“Watering”: Big Thief’s most unsuspecting and overlooked song

There’s something eerily quiet about the haunting presence of trauma. As charred hearts and minds struggle to grasp the beauty of peace and freedom, the toxicity of the shadow always catches up, like a direct, intentional unravelling of the soul in the soft breeze of the night. Big Thief have many songs that tackle such ambiguities, but one lesser-known gem undeniably holds the torch for this endearing melancholy.

There are many criminally underrated songs on Capacity, like ‘Haley’, ‘Coma’, and ‘Mary’. ‘Haley’, in particular, is clearly one of the band’s most obvious demonstrations of everything that made them appealing in the first place, with Adrianne Lenker’s folkish, singer-songwriter charm sitting at the forefront of the song’s magnetic charm.

However, ‘Watering’ feels more subtle and unsuspecting in its beauty, starting with a more grounded, gritty guitar progression that starkly contrasts the rest of the tracks on the record. Now, for Big Thief fans who know, understand, and appreciate the importance of songs like ‘Watering’ among the rest of the tracks in their discography, it becomes clear that this essence of ambiguity isn’t their usual game.

In fact, ‘Watering’ is one of the creepier and more unsettling songs on offer here, with some claiming they find it difficult to even revisit despite its inherent gorgeousness. From the opening notes, it’s clear that we’re about to go somewhere gloomy, yet it remains uncertain what or where that might be until Lenker’s vocal hints at something far more sinister than we could have imagined.

“He followed me home again,” she sings, “And his eyes were watering / His eyes were watering like a child”. Written down, it’s difficult to note just how hard-hitting those words actually feel, especially when the story hints at an underlying tension with the next line, where Lenker claims to be “made-believe for him that my blood was dripping”, the intimacy of her voice standing in stark contrast to the danger in the words.
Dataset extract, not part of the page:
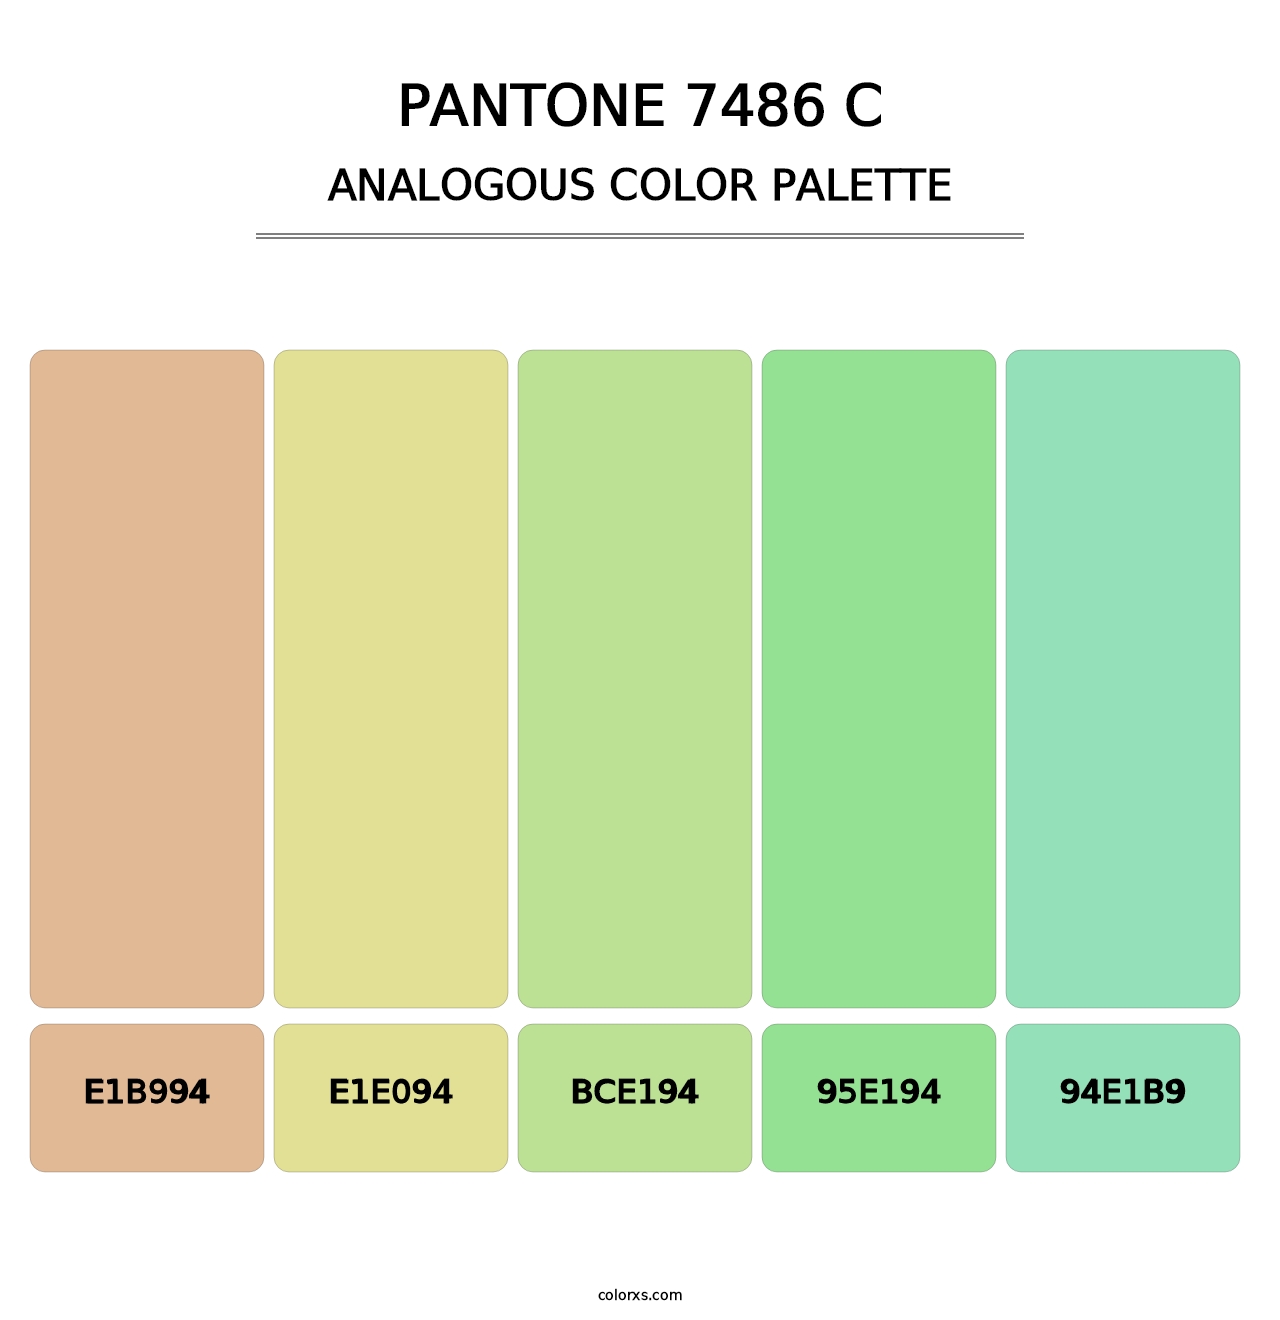 PANTONE 7486 C - Analogous Color Palette

This is where Big Thief’s adeptness for sound dynamics comes into play, with distorted yet precise guitar explosions underscoring Lenker’s repetition of the word “screaming” before the arrangements soften again for the next verse. “He cut off my oxygen and my eyes were watering,” she sings, “As he tore into my skin like a lion / I knew it was poison as he filled me to the brim / And my blood was dripping like a lamb”.
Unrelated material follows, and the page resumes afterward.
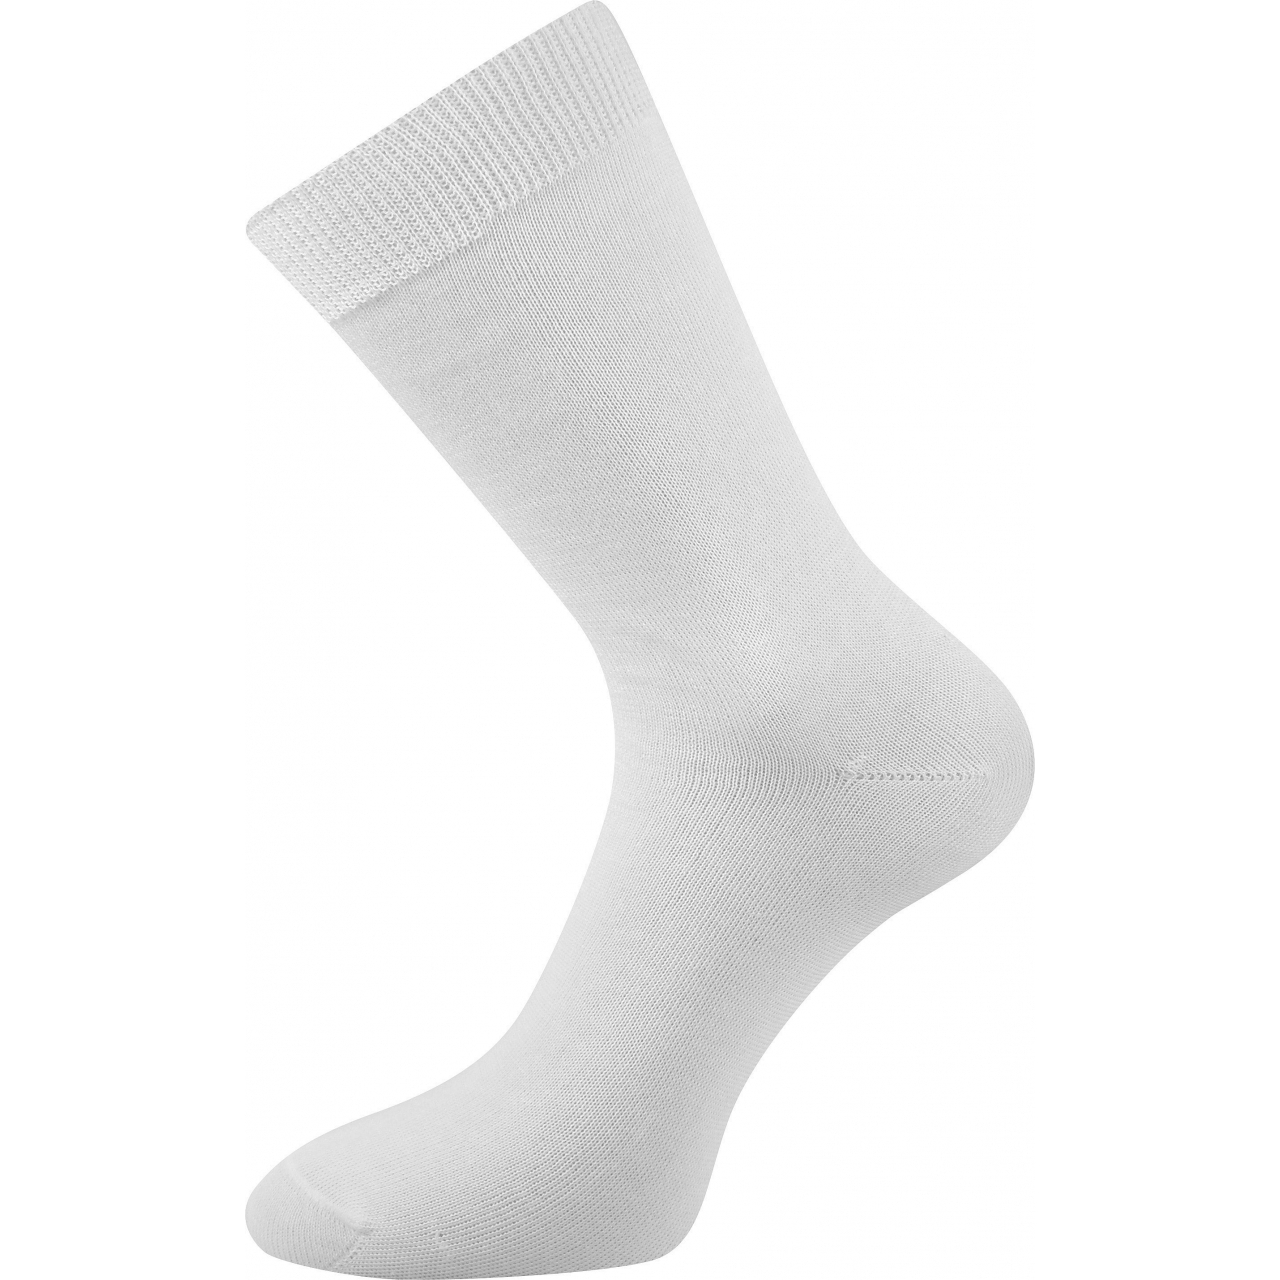 Ponožky dámské Lonka Fany - bílé, 38-39

As the intensity builds, it’s the cutthroat disposition of the next line that feels the most sobering: “Leave your bedroom light on / I love to watch you undress / And you know that I’m there.”

From those words alone, it’s easy to detect the layers to the narrative, with hints of toxic relationships and Stockholm Syndrome-esque situations that keep us coming back even when we know they’re bad for us. However, some point out that it may be even simpler than that, with Lenker singing about being stalked and harassed by a partner she longs to leave behind, whether physically or existing in the haunt of her own mind.

However, what elevates and enhances the entire emotional core of the track isn’t just its lyrics. In fact, they merely add meaning to an already evocative piece, with the atmospheres created mainly by Big Thief’s effortless knack for precision, even when the arrangements explode into something more spacious and explosive.

It’s soft yet hard, bleeding into consciousness with its own aura—like the delicate flicker of a bulb in the dark, persistent and impossible to ignore. Many of Big Thief’s songs explore life’s melancholic ambiguities, but ‘Watering’ feels like it ventures deeper, clinging to the mind like faded scars.